Having a conversation this morning with one of my best friends in the world, I admitted something that I suspect surprised even her a little. Not so surprising to me, but I've been contemplating it a lot lately. I am sick of taking care of everything, everyone and most of all, even myself. I've had some people tell me what they think I should do that have got the life experience of a gnat. I've had others who have very different life experiences share theirs, and well, while I see their points of view, it just doesn't apply to my life or me. Bits and pieces maybe, but it's just so different that most of their insights just don't directly translate. But the one thing I am sure of, I've taken care of my boys, I've climbed the corporate ladder, and I've done what I needed to do to provide the life I thought my boys shouldn't be deprived of because I didn't have a man.

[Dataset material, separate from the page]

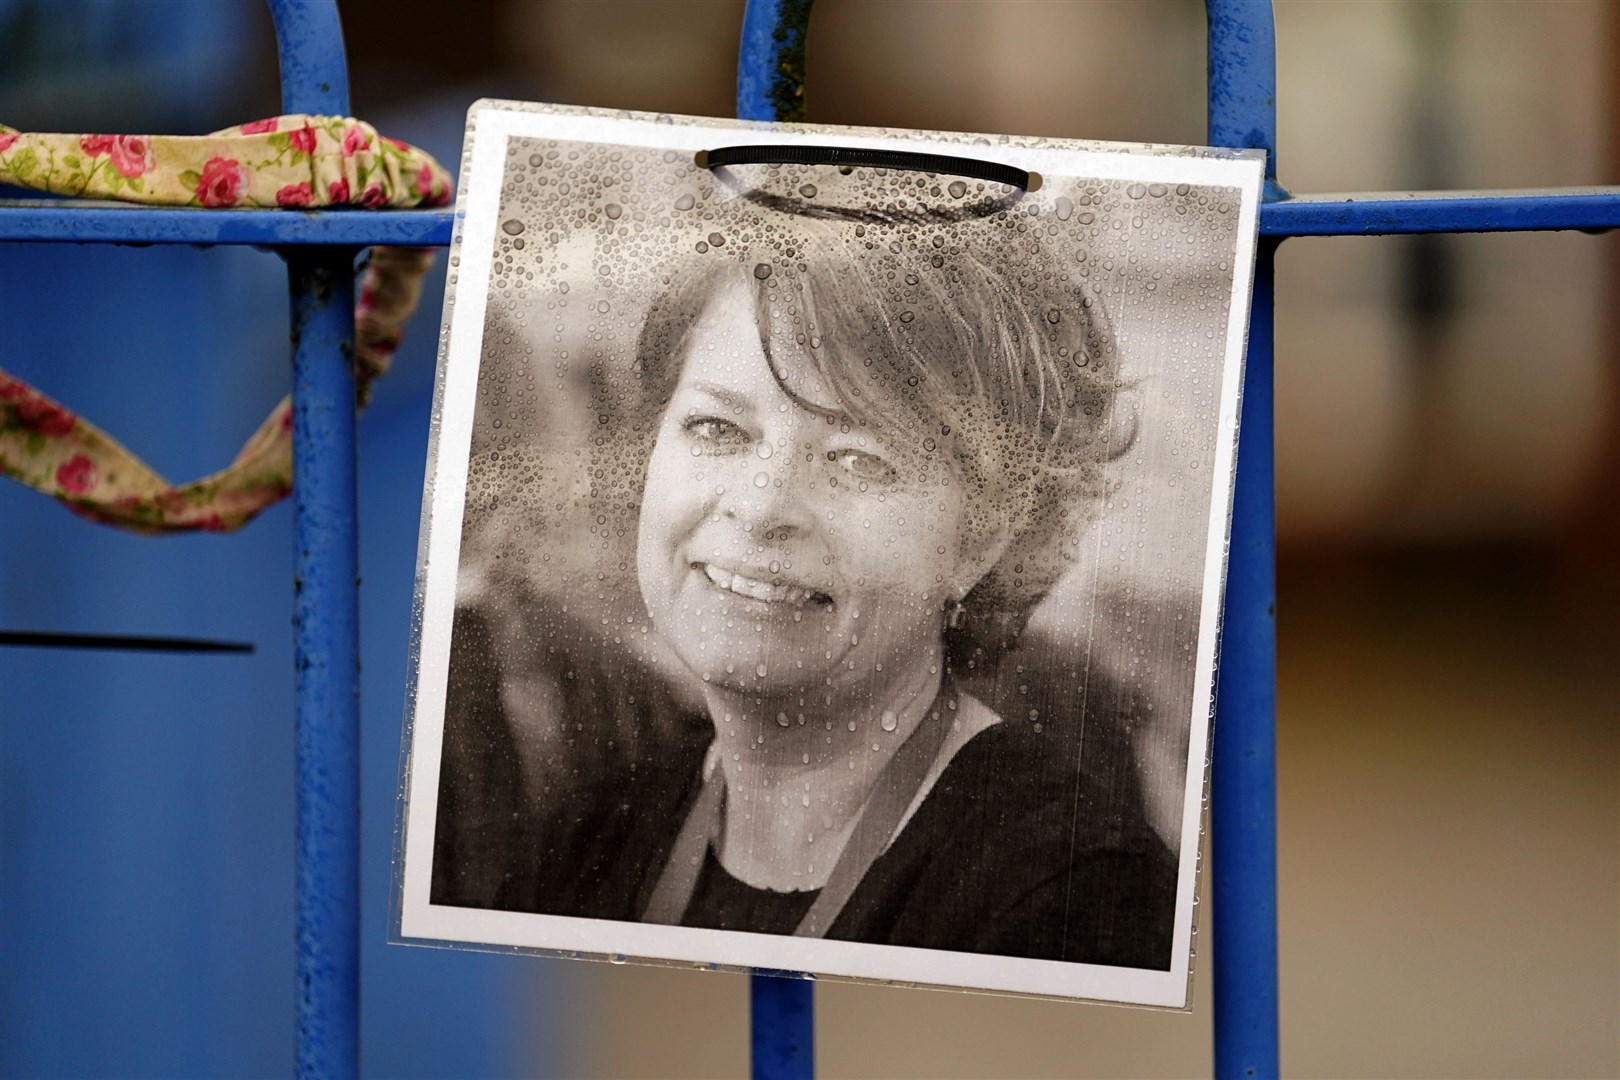 Headteacher Ruth Perry died in January while waiting for an Ofsted report (Andrew Matthews/PA)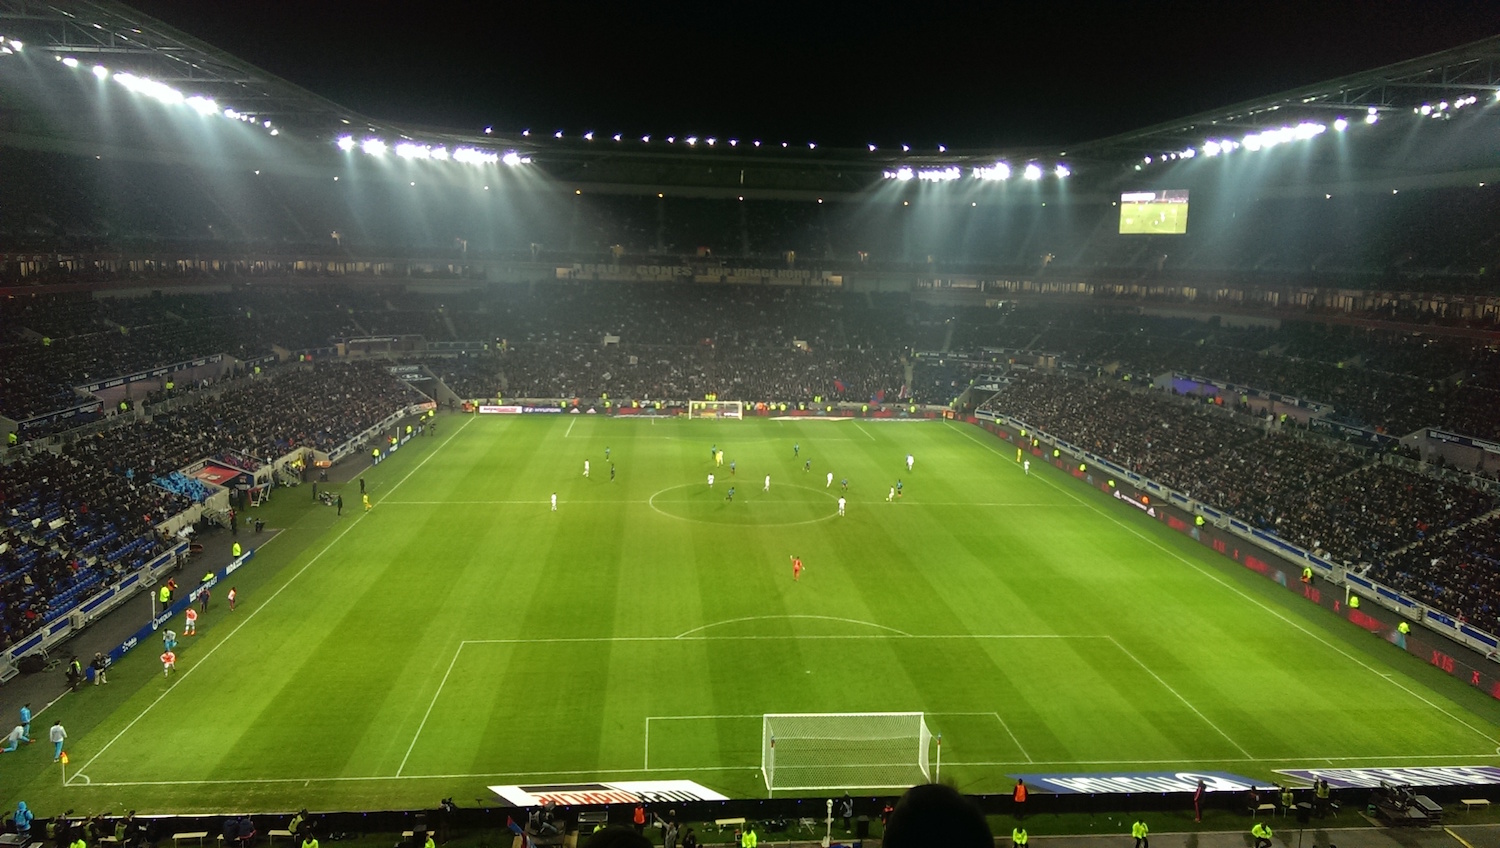 "Stade des Lumières" in Lyon, France, where Euro 2016 is currently playing out. Pic: Wikimedia Commons

Many of my friends have had great marriages...ok, probably more like a half a dozen, but many of them have had subsequent marriages that have been perfect--or as close to perfect as you can get. I'll admit that's about all I really want now. I'm pretty sure that's all I wanted when I married my bozo ex-husband. Don't get me wrong. From the perspective of his friends, his only issue is that he's a cheating dog. In every other aspect, he's not really that bad of a guy. Of course, if you know anything about me, this simply was unacceptable. I mean I tried, but I just couldn't stick by a cheater. Over the years I saw what it did to a woman that I thought the world of, someone who deep down I believe both of us were cut from the same cloth. She died of breast cancer last year, and honestly there's part of me that believes that she just reached a point of giving up. The heart can only take so much control, so much fettering and so much cheating. I remember how it broke my heart a few years ago to listen to how embittered and lonely she really was. If I had any doubt that I could not have survived such an ordeal, ever questioned divorcing my ex, well, that conversation put that all to bed. Her heart had been crushed, the love was just a memory that she was barely surviving on, and all that was left was empty contempt. No matter what I believed might have provided a better life for my boys, well, I wouldn't have survived til now. My tender heart barely survived the first round of cheating and control, let alone years upon years of it. Still, on the opposite end of the spectrum, I've watched my friends that have that awesome, best friend, love of their life. There's just no way a marriage truly survives unless there's love...the more the better.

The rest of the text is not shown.